REQUIREMENT
Retype all entries exactly, skipping pictures.

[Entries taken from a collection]
+--

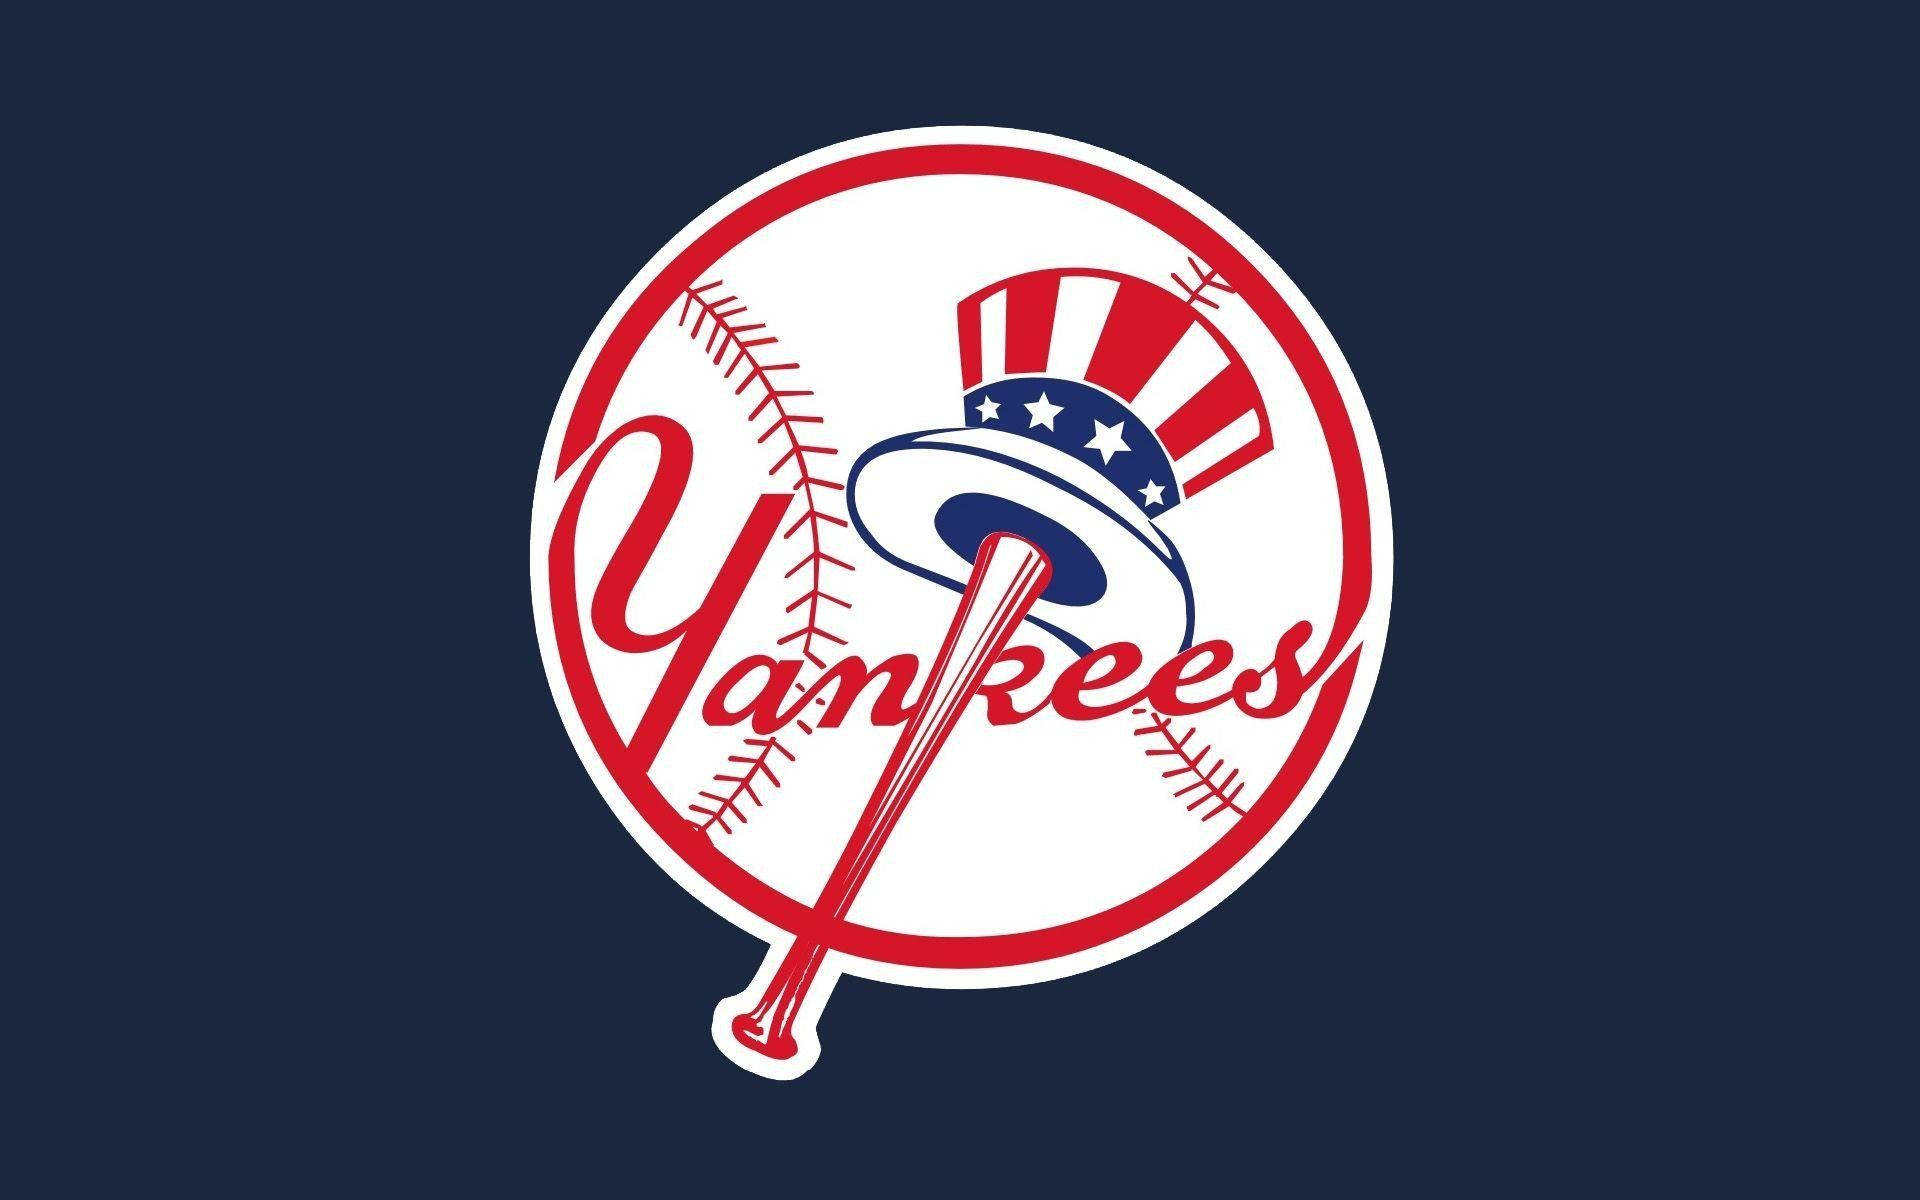 New York Yankees worth US71bn as average MLB franchise value climbs 2  says study SportsPro
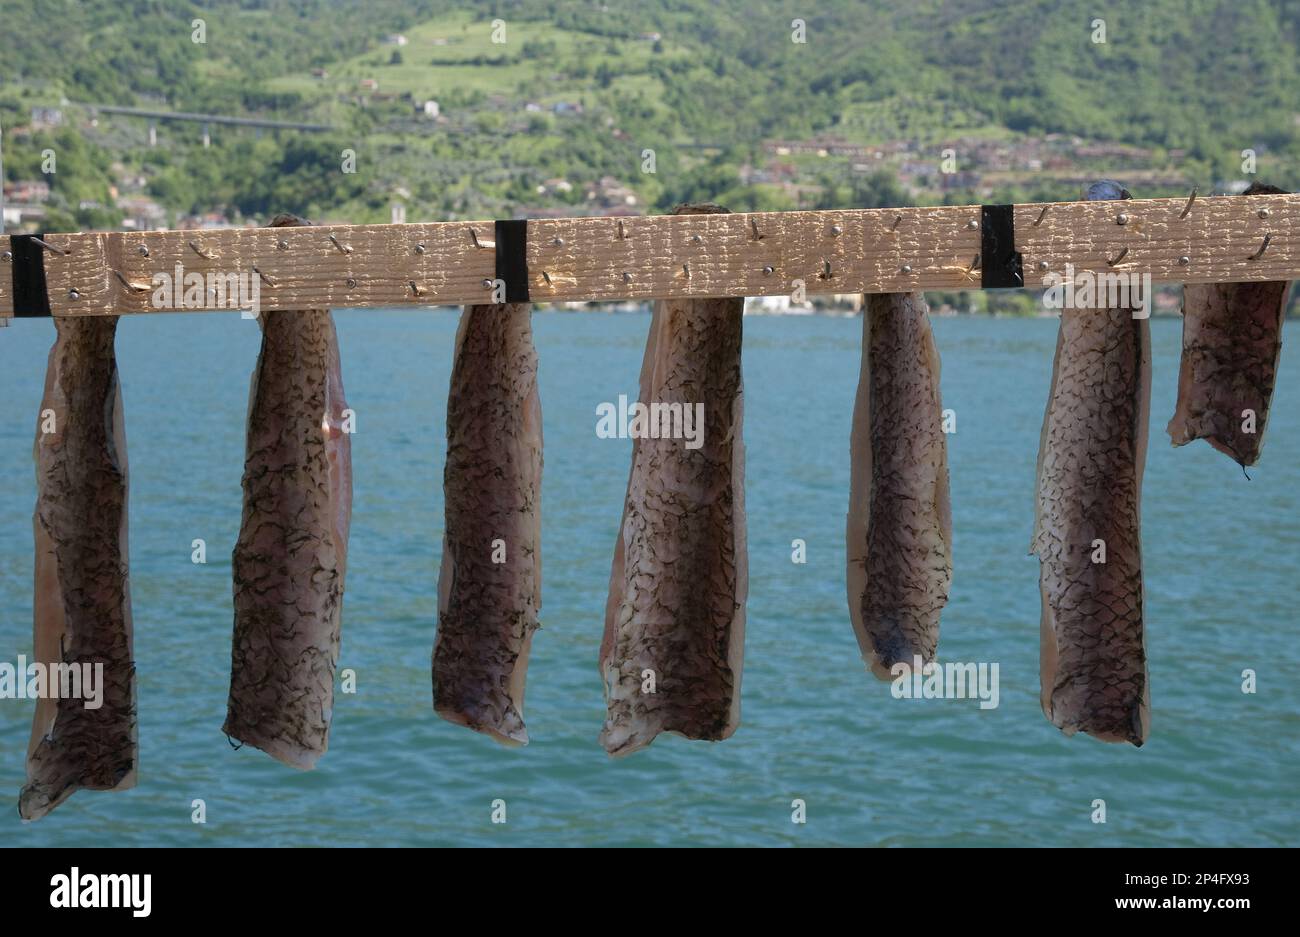 Drying freshwater fish, Monte Isola, Lago dIseo, Lombardy, Italy Stock Photo
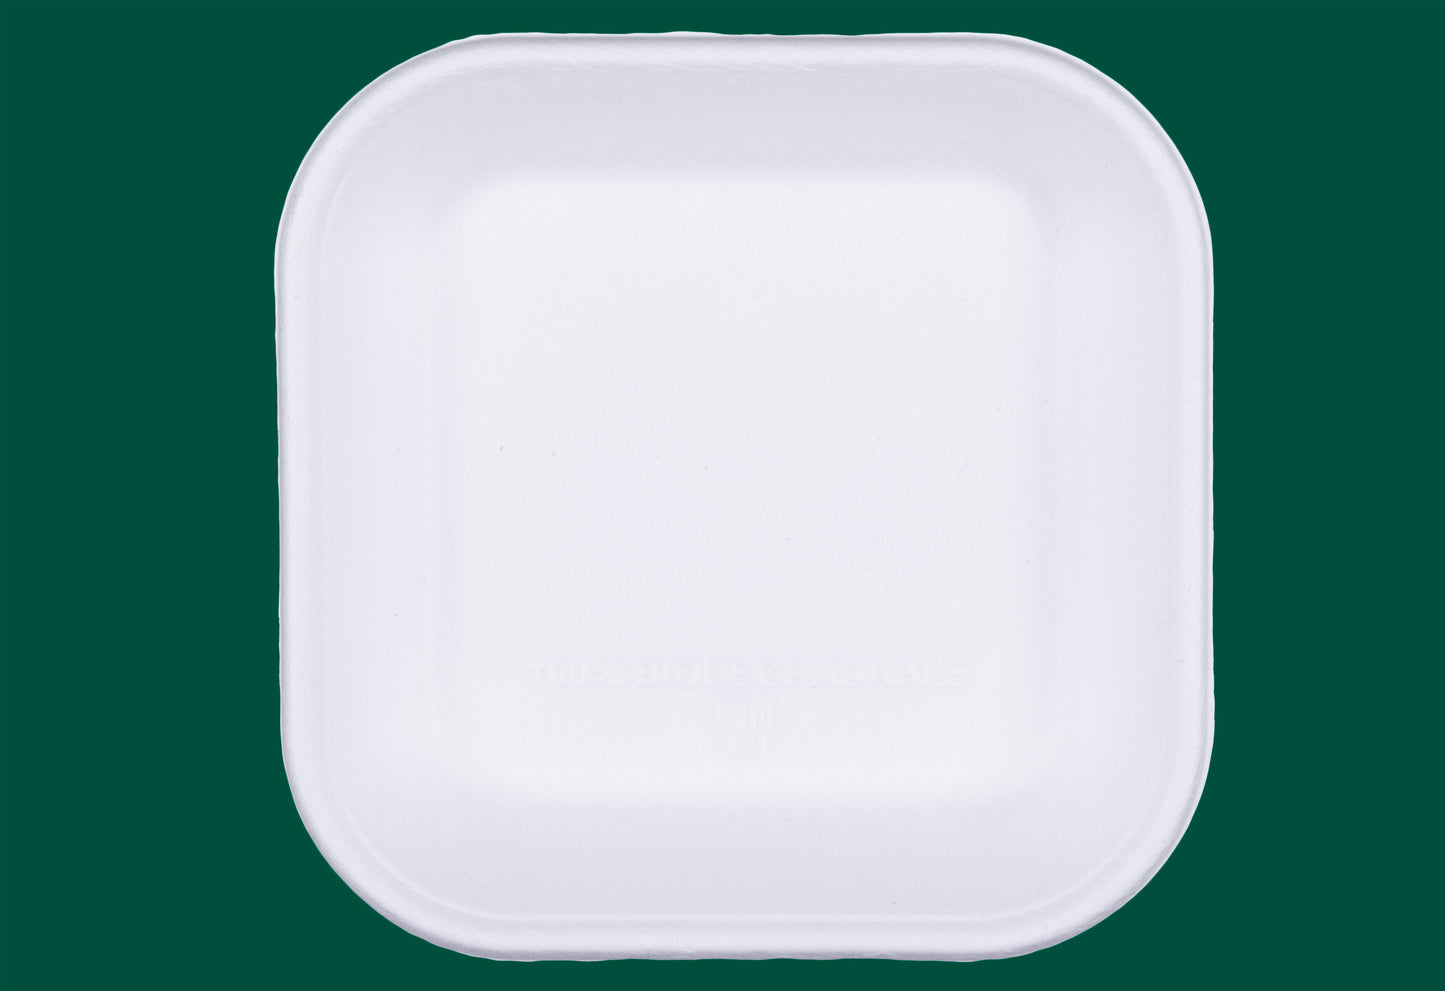 5-Inch-Square-Trays-Compostable-Sugarcane-Bagasse-Tray-Plates
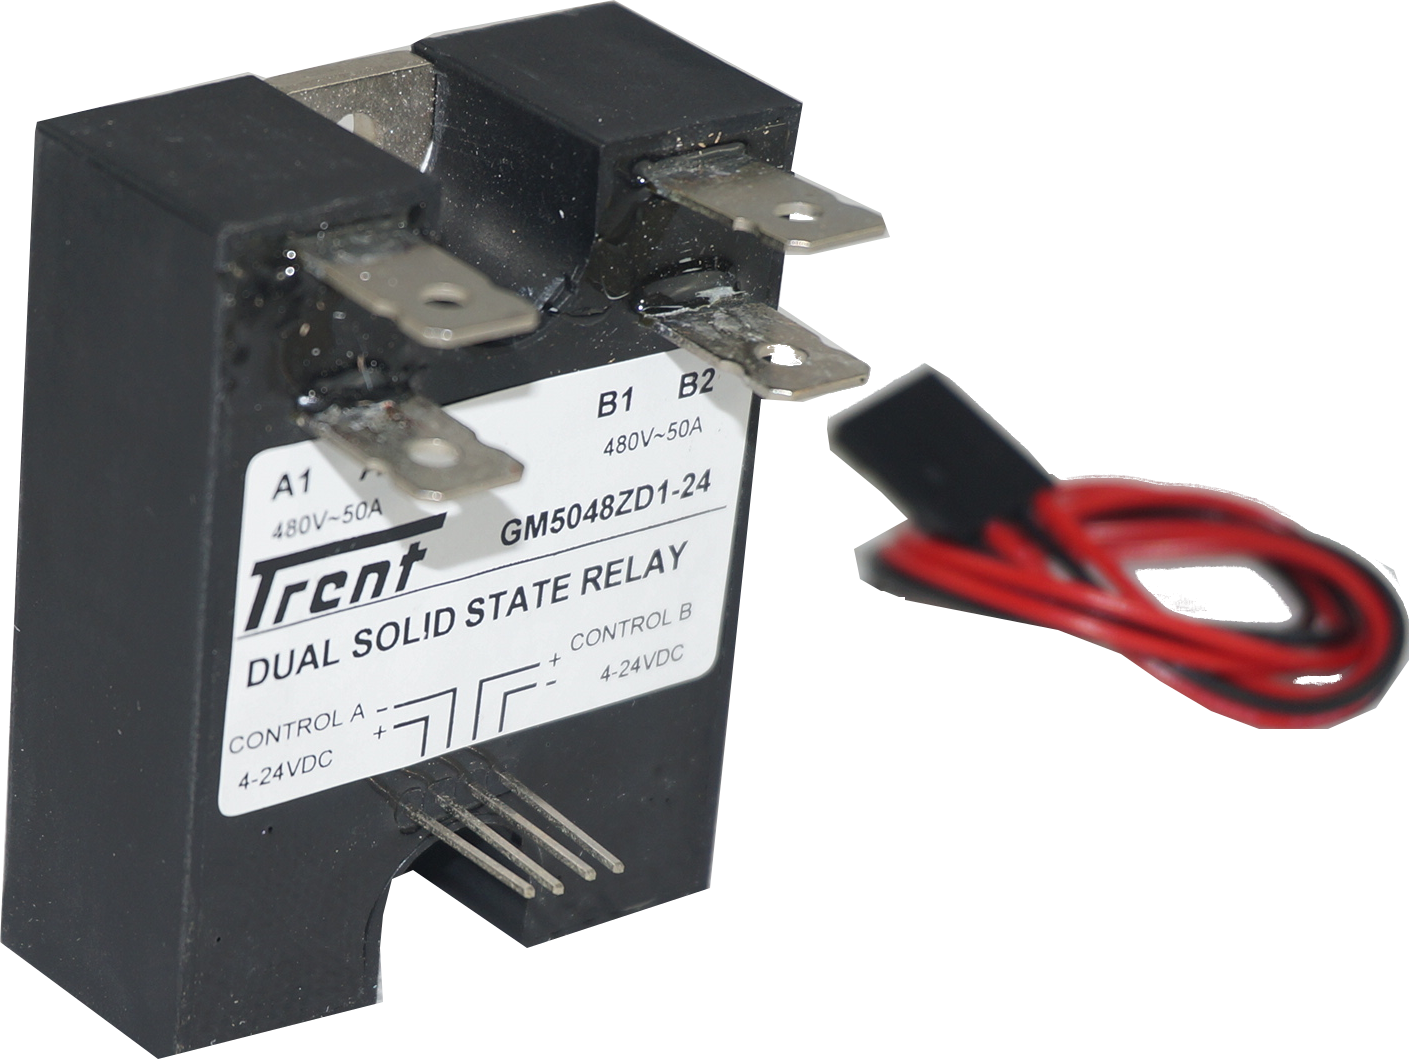 GM5048ZD1-24 DUAL, Dual Solid State Relay, Two Pole 15-32VDC Control, 2 x 50A, 48-480VAC Load
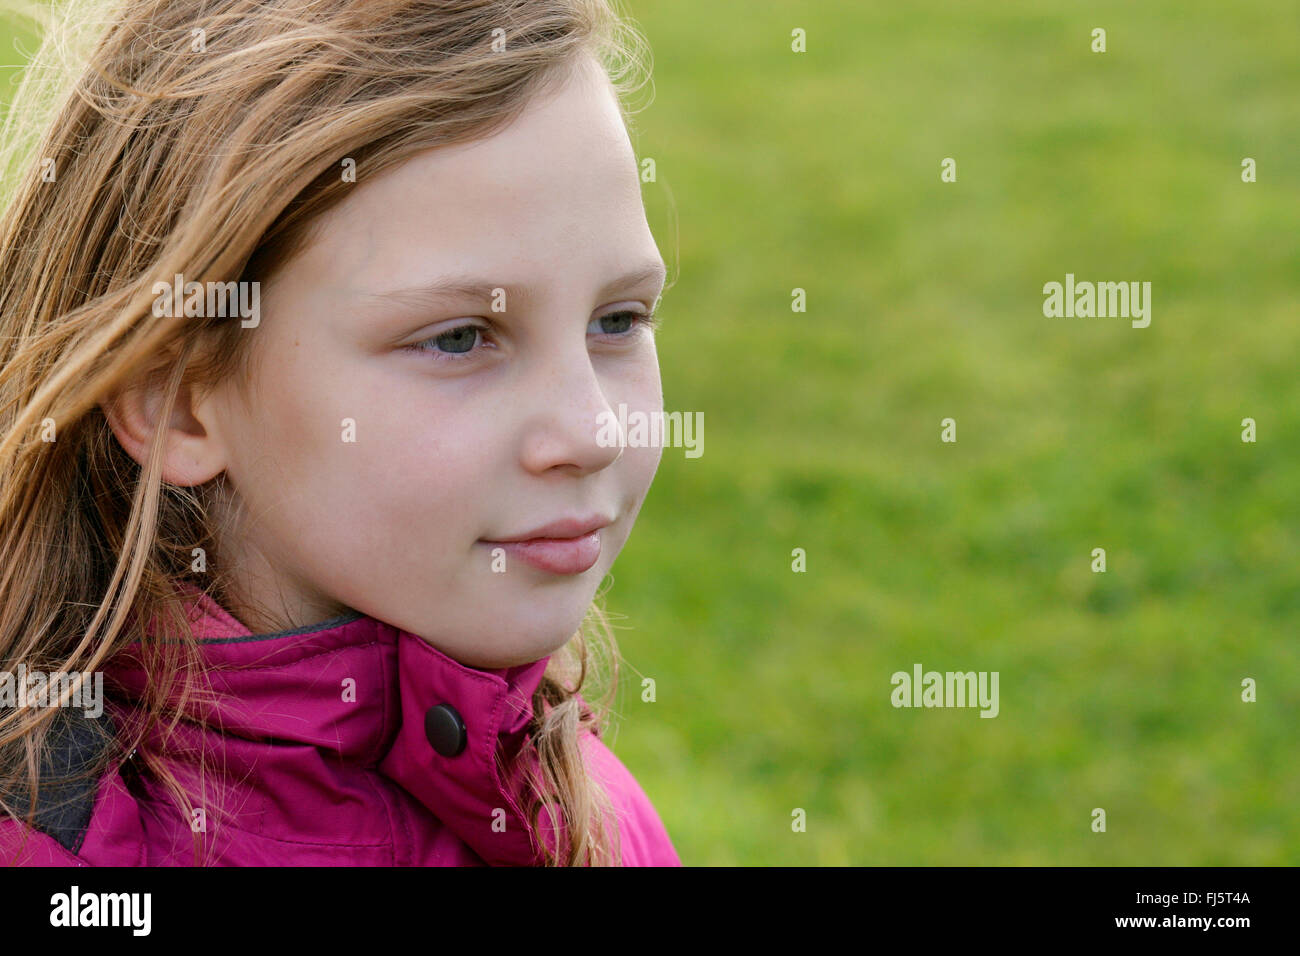 8 years old girl, portrait, Germany Stock Photo

+--

SOLUTION TO THIS EXERCISE
 New York Yankees worth US71bn as average MLB franchise value climbs 2  says study SportsPro
 Drying freshwater fish, Monte Isola, Lago dIseo, Lombardy, Italy Stock Photo
 5-Inch-Square-Trays-Compostable-Sugarcane-Bagasse-Tray-Plates
 GM5048ZD1-24 DUAL, Dual Solid State Relay, Two Pole 15-32VDC Control, 2 x 50A, 48-480VAC Load
 8 years old girl, portrait, Germany Stock Photo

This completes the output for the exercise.